ー相反する感情のように聞こえますが、コンプレックスと「三味線が好き」っていう気持ちは自分の中で共存する感情だったんですか?
駒田:共存してましたね。周りと共有できないと感じたときに、「じゃあもう無理に分かってもらおうとしなくていいや」と思って、自然と割り切るようになったんです。別に隠していたわけじゃないけど、学校で三味線のことを自分から話すこともなかったです。
学校の全校集会で入賞した人がステージで表彰される謎の時間があったじゃないですか? あれがすごく苦手で。部活だったら大体表彰されるけど、私の三味線はそうではないので、自己申告もせず黙ってました。自分で言わない限り学校も何もしてこないし、それがちょうどよかったんです。だから、三味線に関しては完全にプライベートなものとして割り切って、学校生活とは分けて考えていました。

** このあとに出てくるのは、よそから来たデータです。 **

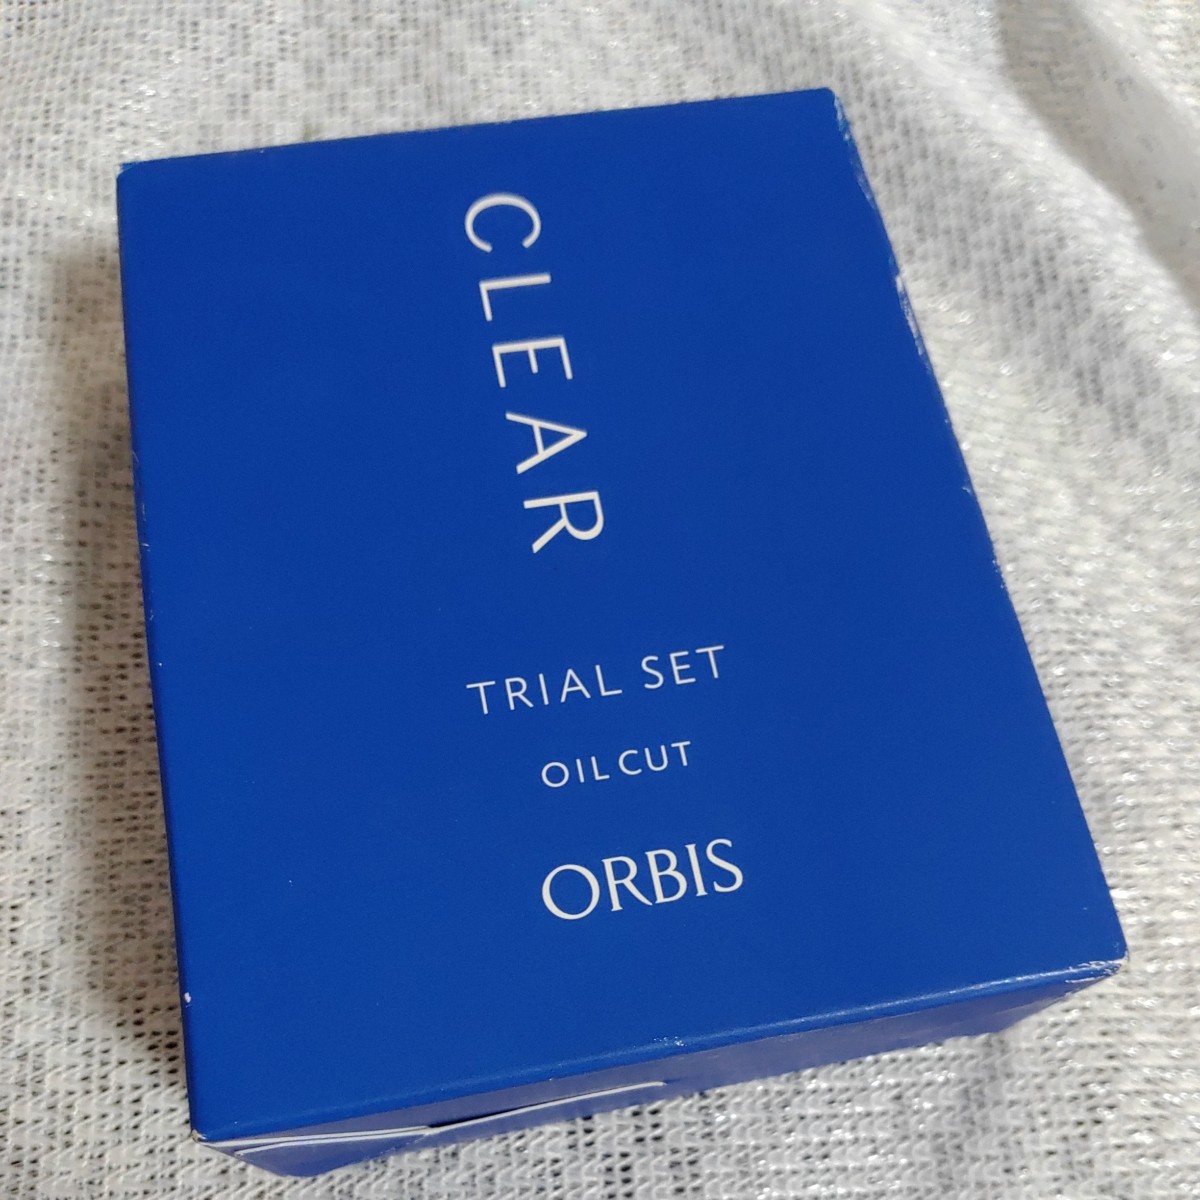 [Не открыто] ПРОБНЫЙ НАБОР ORBIS CLEAR Пробный набор Orbis Clear Пробный набор Уход за прыщами Влажный тип Нормальная кожа ~ Сухая кожа 1116-D4-SA7

ーそんなプライベートなものとして割り切っていた三味線を「仕事」として意識するようになったのはいつからなんですか?
駒田:もちろん三味線はずっと好きで続けていたけど、もともとは看護師や管理栄養士を目指していて、進路としては現実的な職業を考えていたんです。高校2年生になって進路を本格的に決めるタイミングで、看護学部や栄養学部を中心に志望校を選んで、進路希望調査を提出したんですが、三者面談のときに先生から、「あなたは(三味線で)日本一を取っているのに、それで本当にいいの?」って言われて。「本当にやりたいことを4年間学ぶ場所が大学なんだよ」という言葉が妙に刺さって、「私の進みたい道ってこっちじゃなかったかも」と思い始めたんです。
負けず嫌いな性格なので、それからは迷いなく「どうせ行くなら一番のところに行きたい」と、ほとんど何も知らないまま東京藝術大学を志望するようになりました。今思えば、現役で合格できなかったら三味線は続けていなかったかもしれません。大学合格後は、迷いなくプロを意識するようになりました。

駒田(母):周囲に同じ境遇の人も少なかったですし、受験の情報も少なかったので、ある意味、知らなかったからできたかもしれないなって思います。難しさを知っていれば身構えてしまったかもしれないけど、考えすぎる前にやってみたことがよかったのかもしれません。